Their morning breath came out in steam, but it wasn't cold. It was one of those days, like an announcement. The sky was extra blue; the lambs down in the far field sounded as if they were right beside her. Winter was over. It would still be bright when they'd be bringing the cows in for the evening milking. Emer was wearing her coat, but, soon enough, they'd hang it up on the hook and it wouldn't come down till the other end of the year.

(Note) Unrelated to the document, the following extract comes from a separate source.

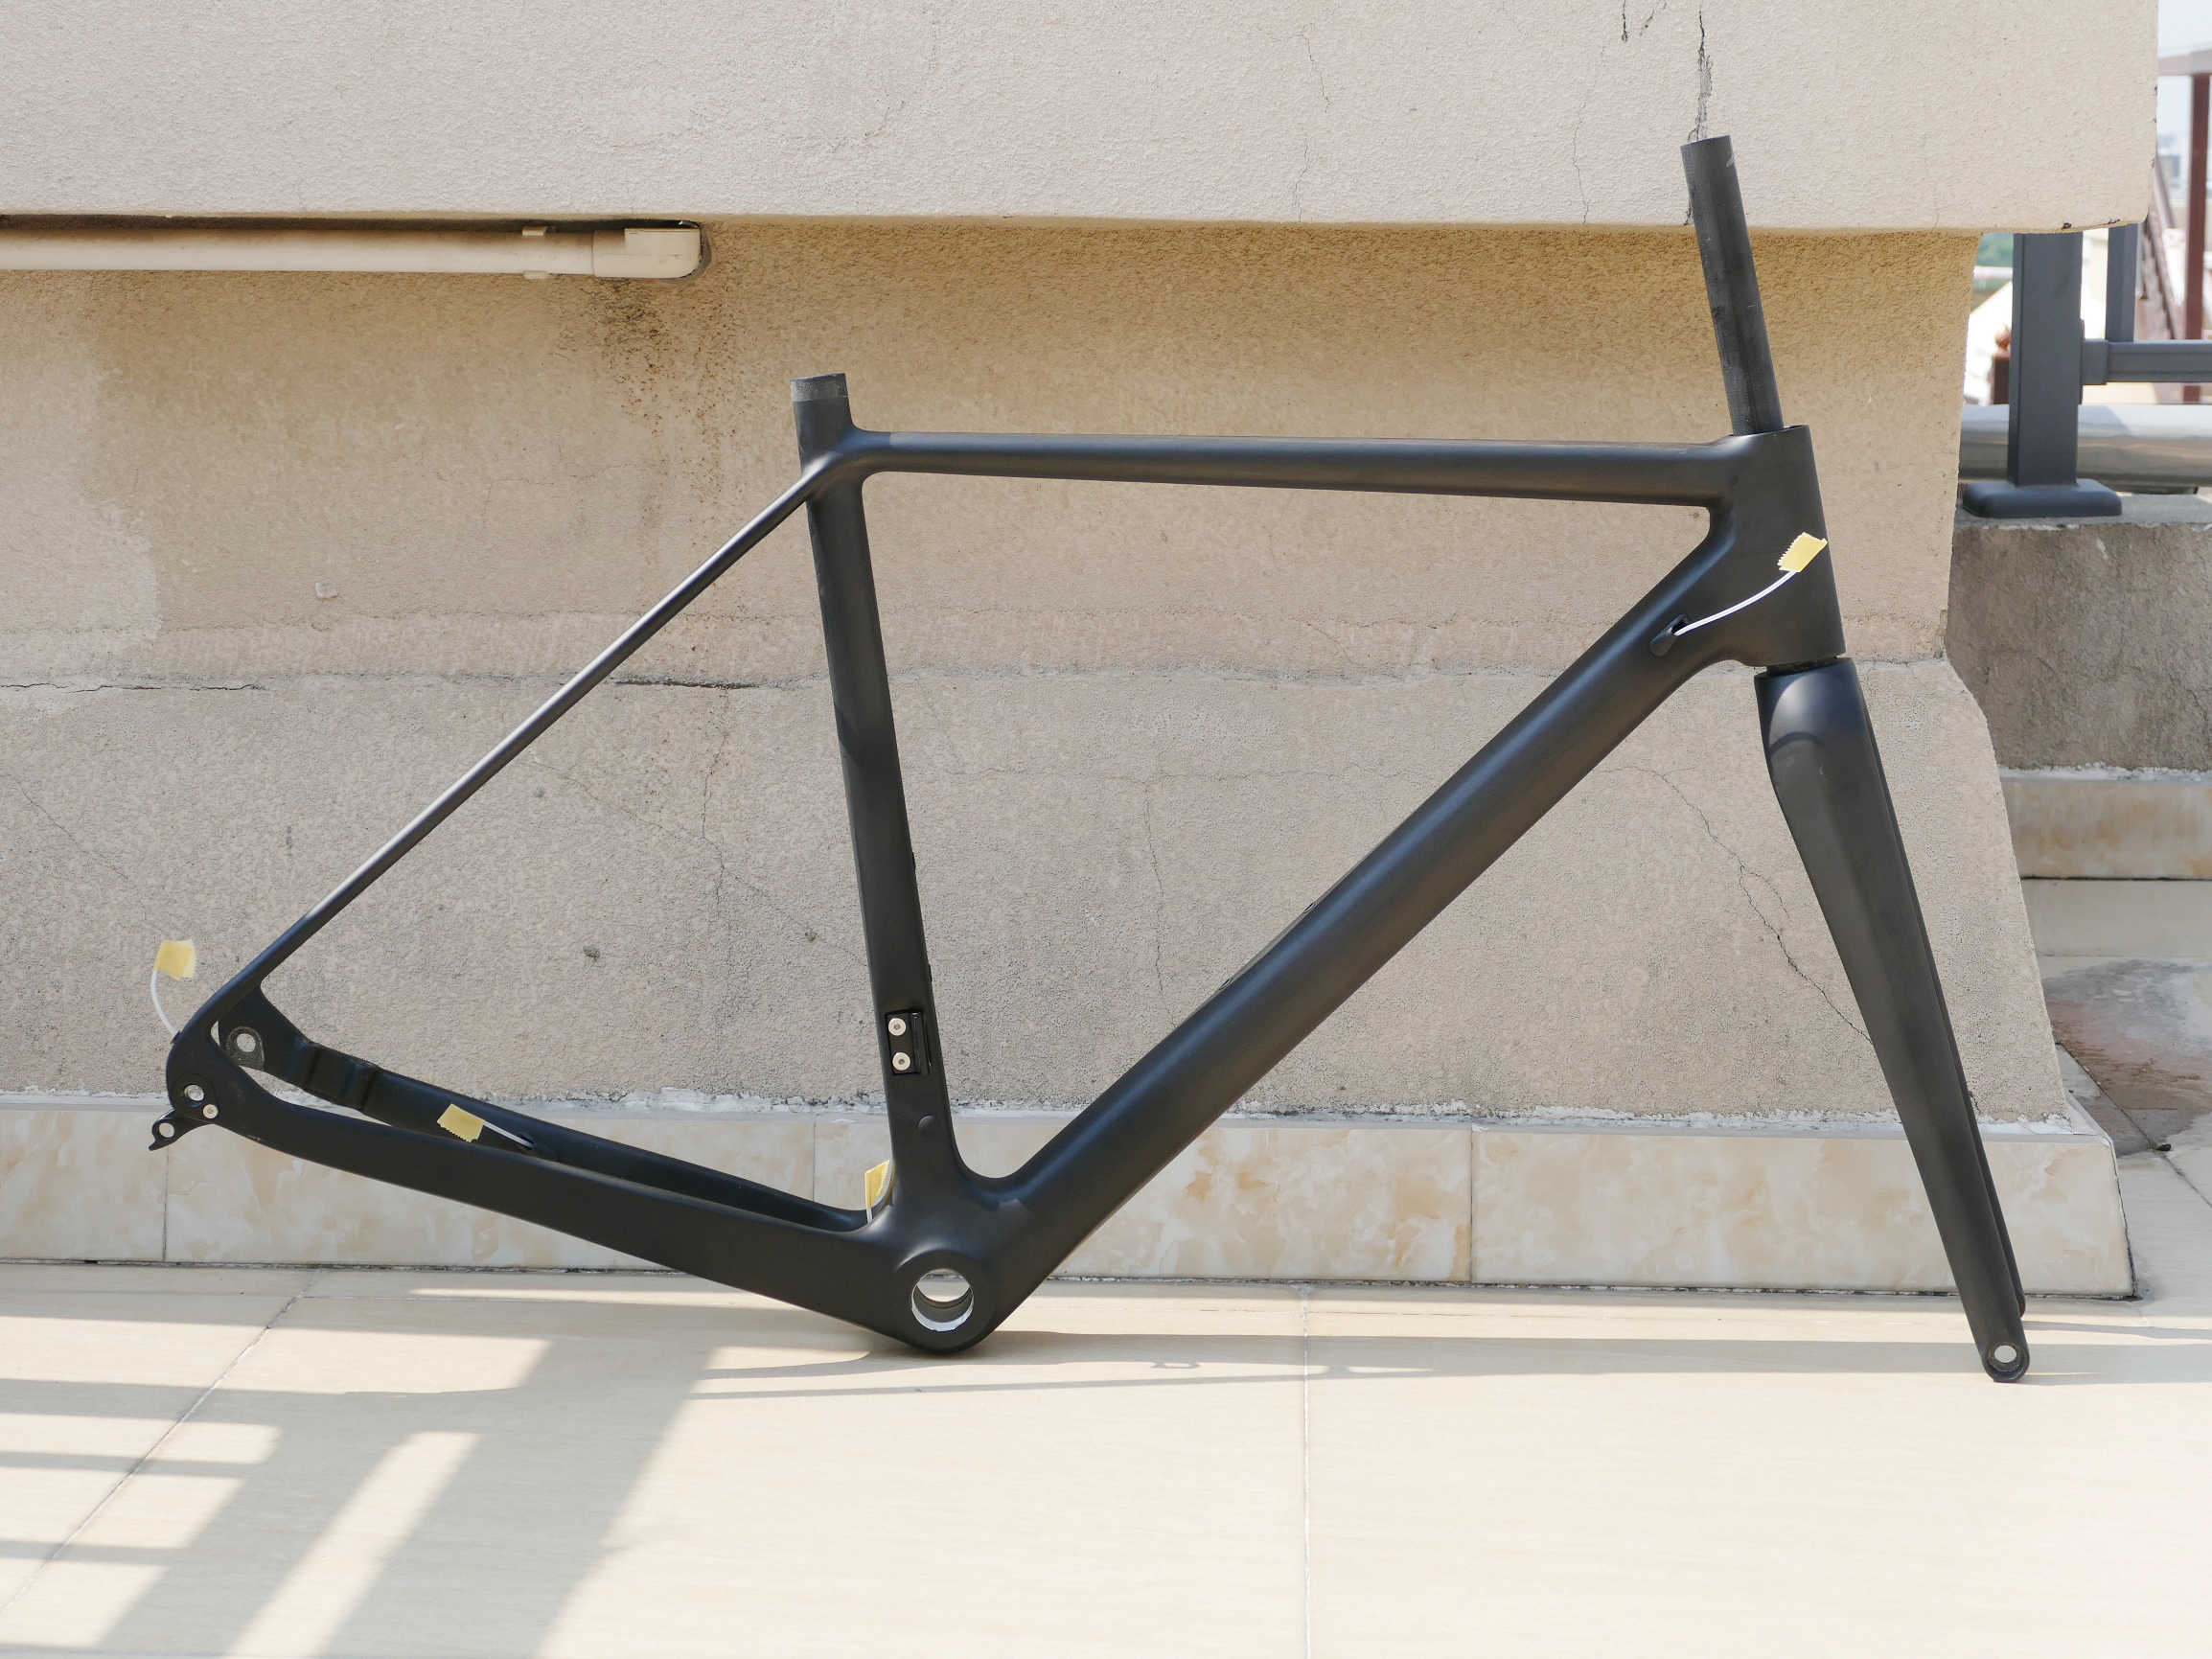 Yeni karbon Toray mat Cyclocross bisiklet fren diski bisiklet şasisi 12*142mm aks aracılığıyla + çatal 12*100mm Thru aks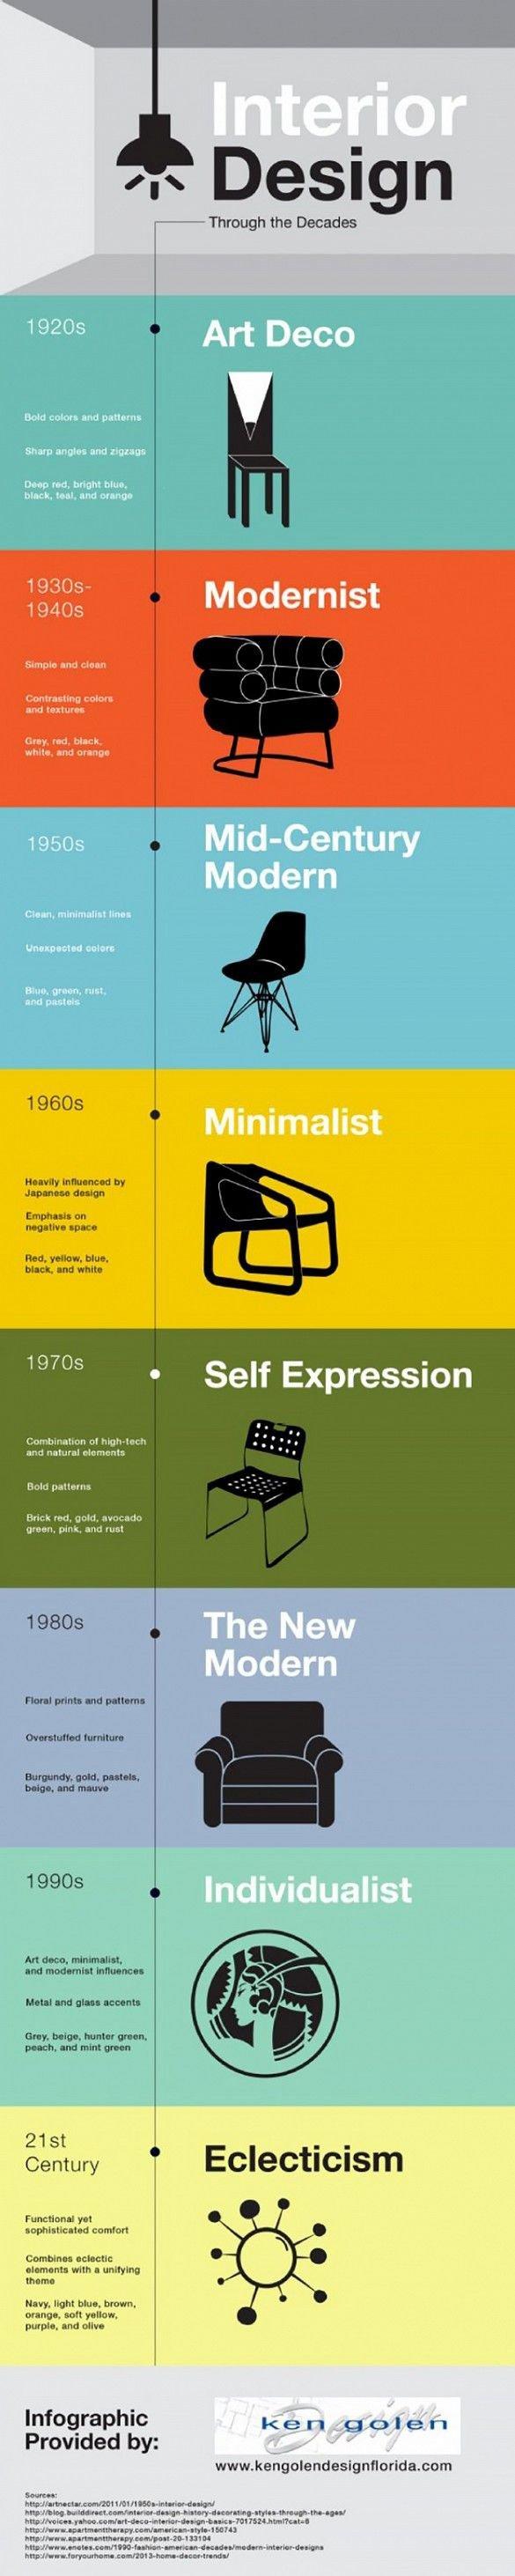 Interior Design through the Decades

The climax of Doyle's book comes with a middle-of-the-night road trip. After a few visits with Tansey, Mary and Scarlett ask if she would like to see Emer. Getting the ghost into the hospital does not go so well, so they take Emer out of the hospital for a brief visit. The visit turns into the wish, from Tansey and Emer, to see the farm in Wexford, even though is was sold to another family long ago. The moments in the car, with Scarlett and Mary in the front seat, Emer and Tansey in the back, are momentous. At one point, Mary looks in the mirror to see her grandmother asleep and "she was leaning against something Mary couldn't see - as if an invisible hand was stopping her form falling sideways. And there was something else. Mary looked at one of her granny's hands. It looked like it was in midair, and holding something that Mary couldn't see. She turned now, and saw it. Her granny's hand was on Tansey's lap and holding Tansey's hand." Again, Doyle creates another vivid scene with the midnight journey to the farm, from the drive to the walk down the lane that requires Scarlett to carry her mother piggy-back after the rutted ground proves too much for Emer's wheelchair. What they see when they reach the farm is equally devastating and cathartic. How Tansey and Emer respond to it to me seems either particularly Irish or of the time (1920s) or both. When they find that the farm has been left to ruin, the thatched roof long gone, Scarlett and Mary being to weep.  Emer says, "Cry for us all . . . We'll cry and then we'll stop. Because it's only a house." To which Tansey replies, "She's right. 'Tis a pity, but nothing else and nothing more."

A Greyhound of a Girl can be read for the story or for the metaphor. Either way, Doyle has written a powerful, beautiful book that reminds us all of the bonds of love and the limits of life while also presenting a collection of small moments from the lives of all four characters that remind us to pay attention to those moments in our own lives with our loved ones. As Martin Chilton says in his review of the book for The Telegraph, A Greyhound of a Girl "imparts subtle and powerful messages about the inevitable path from life to death and about the nature of getting old. It also seems to tell us to celebrate the child that remains in all of us, not matter how many wrinkles on our faces." Well said, Mr Chilton, and well written Mr Doyle. Thank you for adding this invaluable book to the shelves.